How do you express #1/ (x^4 +1)# in partial fractions?

2 Answers
Jun 3, 2016

The polynomial #x^4+1# has not real roots so it is not real factorized then in cannot be expanded in real partial fractions.

Explanation:

The polynomial #x^4+1# has not real roots so it is not real factorized then in cannot be expanded in real partial fractions.

Jun 4, 2016

#1/(x^4+1) = (-sqrt(2)x+2)/(x^2-sqrt(2)+1) + (sqrt(2)x+2)/(x^2+sqrt(2)+1)#

Explanation:

#x^4+1# has no linear factors with Real coefficients, since #x^4 + 1 >= 1 > 0# for all Real values of #x#.

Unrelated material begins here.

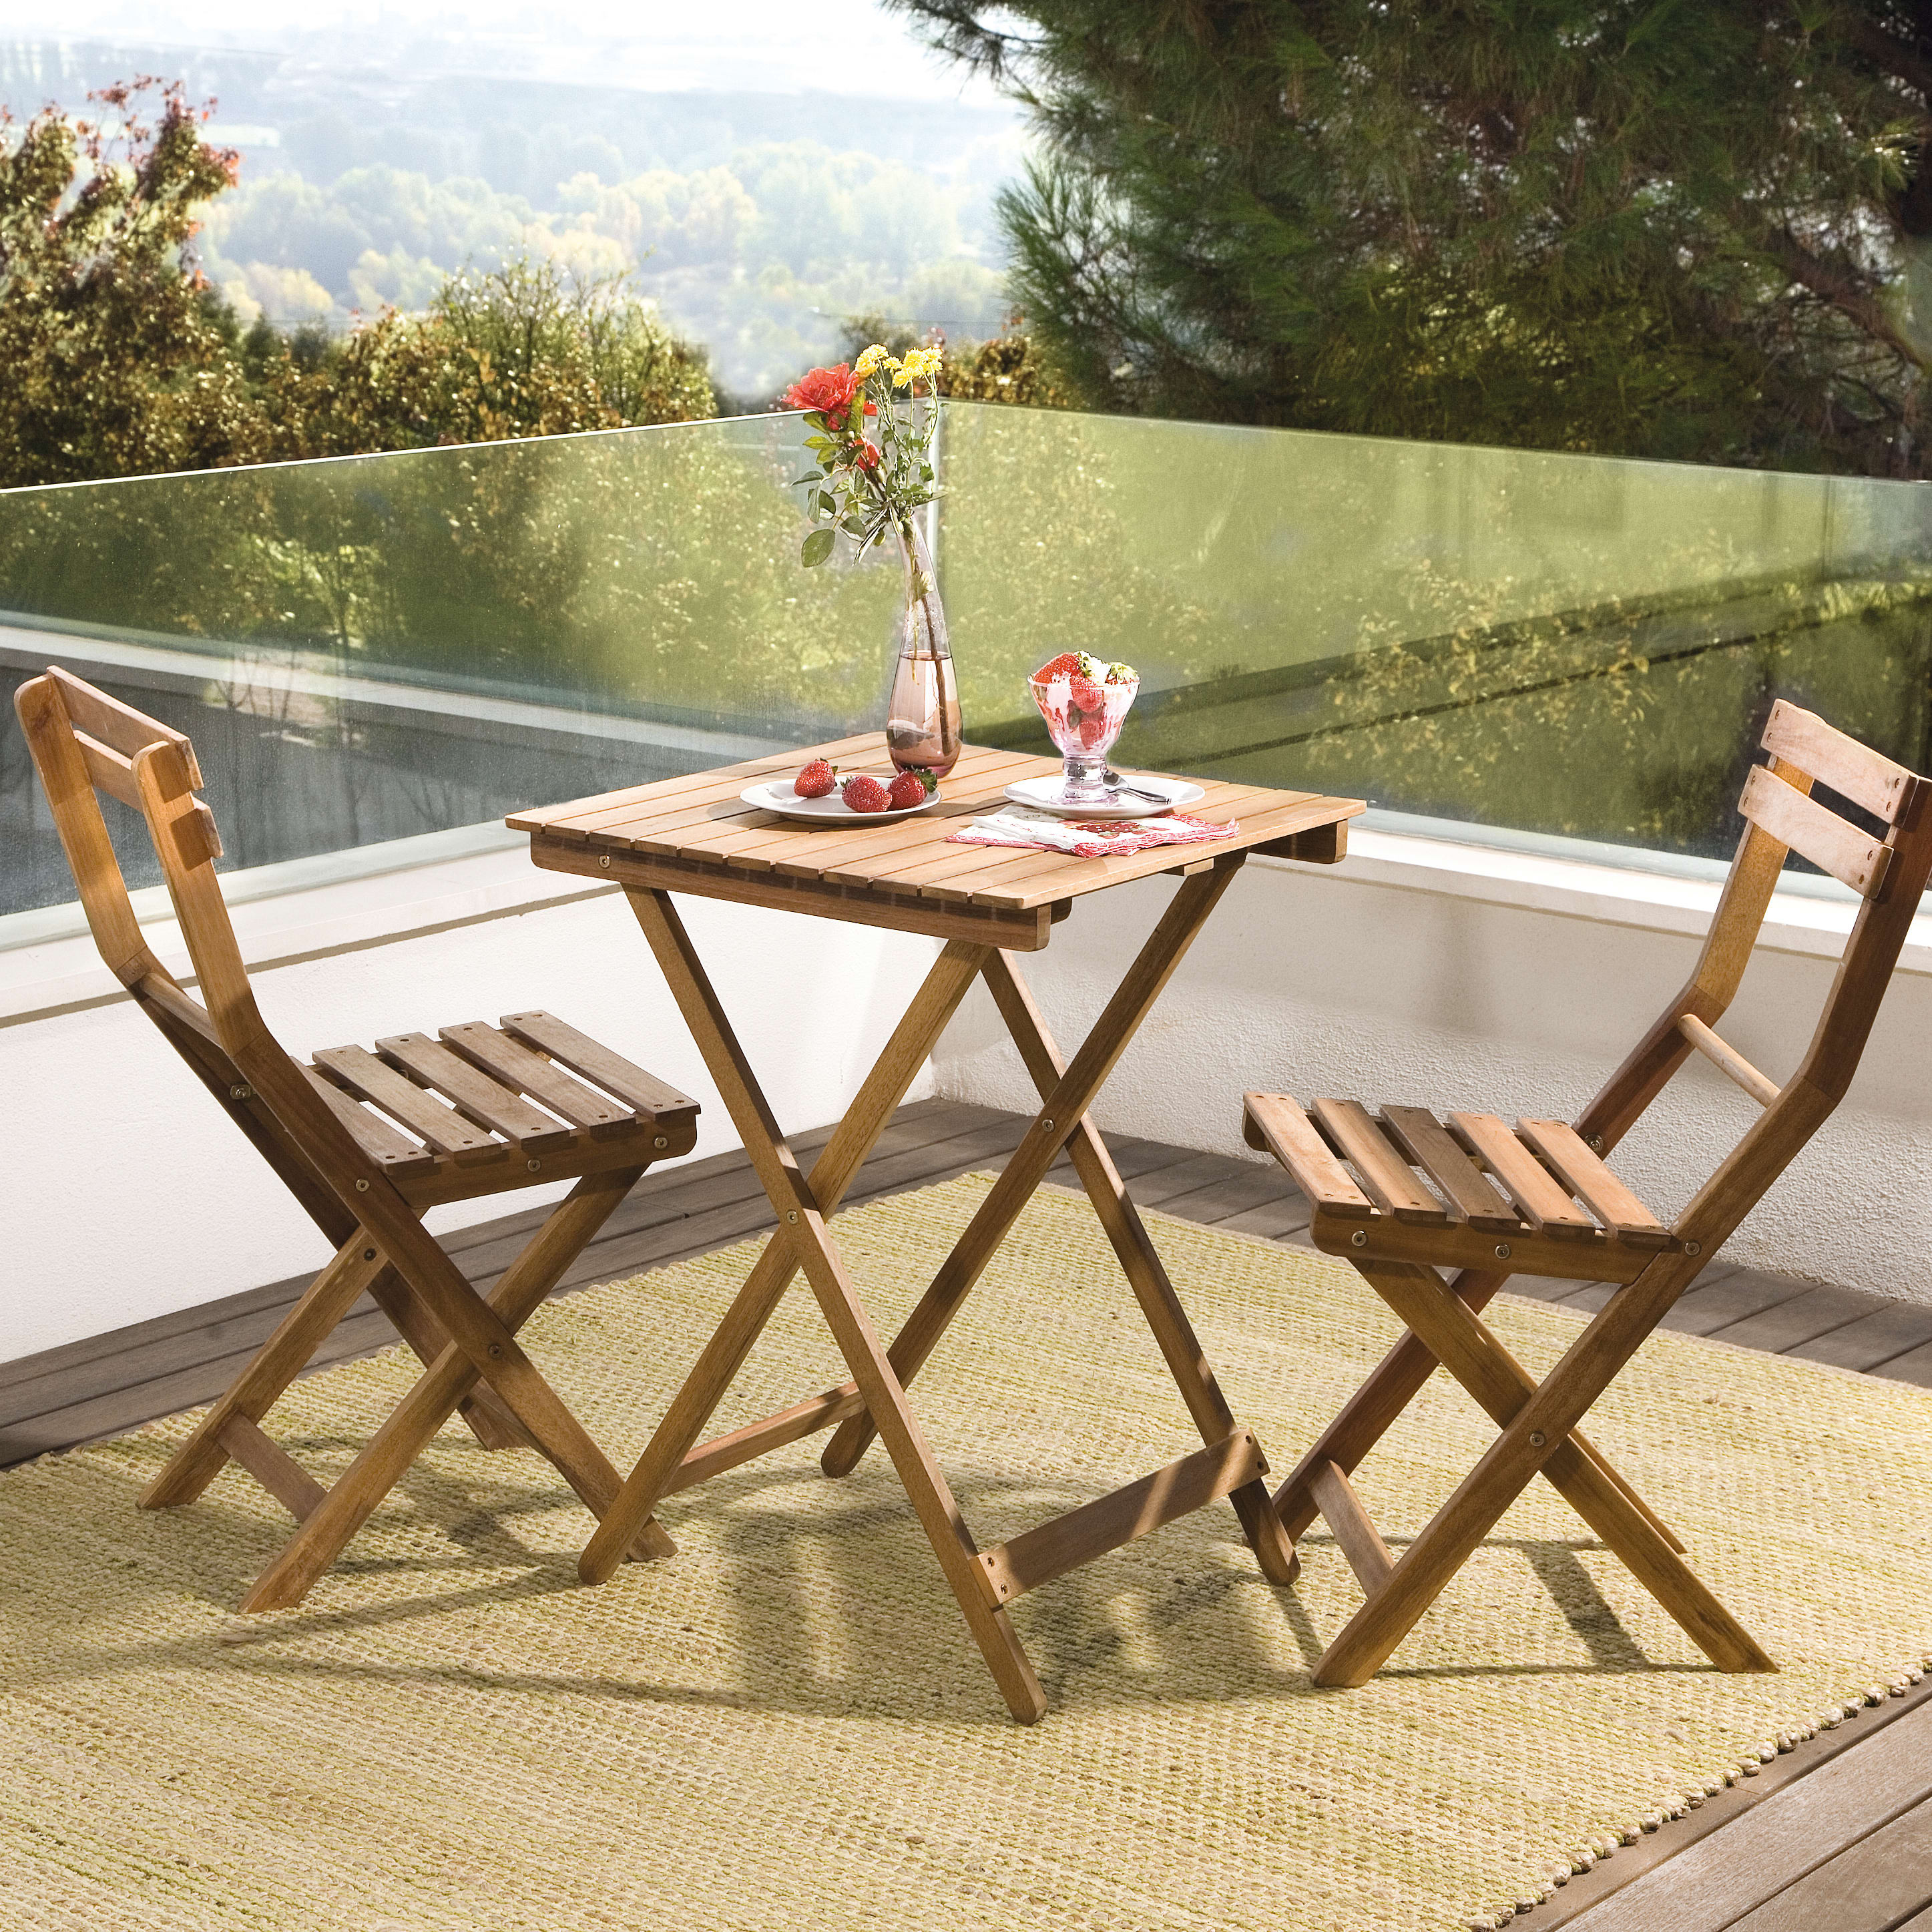 Leroy Merlin Mobili Da Balcone set tavolo e sedie naterial porto in acacia marrone 2 posti

However, it is possible to factor it into quadratic factors:

#x^4+1 = (x^2-sqrt(2)+1)(x^2+sqrt(2)x+1)#

Hence there is a partial fraction decomposition in the form:

#1/(x^4+1) = (Ax+B)/(x^2-sqrt(2)+1)+(Cx+D)/(x^2+sqrt(2)x+1)#

#=((Ax+B)(x^2+sqrt(2)x+1)+(Cx+D)(x^2-sqrt(2)x+1))/(x^4+1)#

#=((A+C)x^3+(sqrt(2)A+B-sqrt(2)C+D)x^2+(A+sqrt(2)B+C-sqrt(2)D)x+(B+D))/(x^4+1)#

Equating coefficients, we find:

#{ (A+C = 0), (sqrt(2)A+B-sqrt(2)C+D=0),(A+sqrt(2)B+C-sqrt(2)D = 0), (B+D=1) :}#

Subtracting the first of these from the third, then dividing by #sqrt(2)#, we find:

#B-D = 0#

Combining this with the fourth equation, we find #B=D=1/2#

Substituting #B+D=1# in the second equation, we deduce:

#sqrt(2)A-sqrt(2)C+1 = 0#

Combining this with the first equation, we find:

#2sqrt(2)A = -1#

Hence #A=-sqrt(2)/4# and #C=sqrt(2)/4#

Hence we find:

#1/(x^4+1) = (-sqrt(2)x+2)/(x^2-sqrt(2)+1) + (sqrt(2)x+2)/(x^2+sqrt(2)+1)#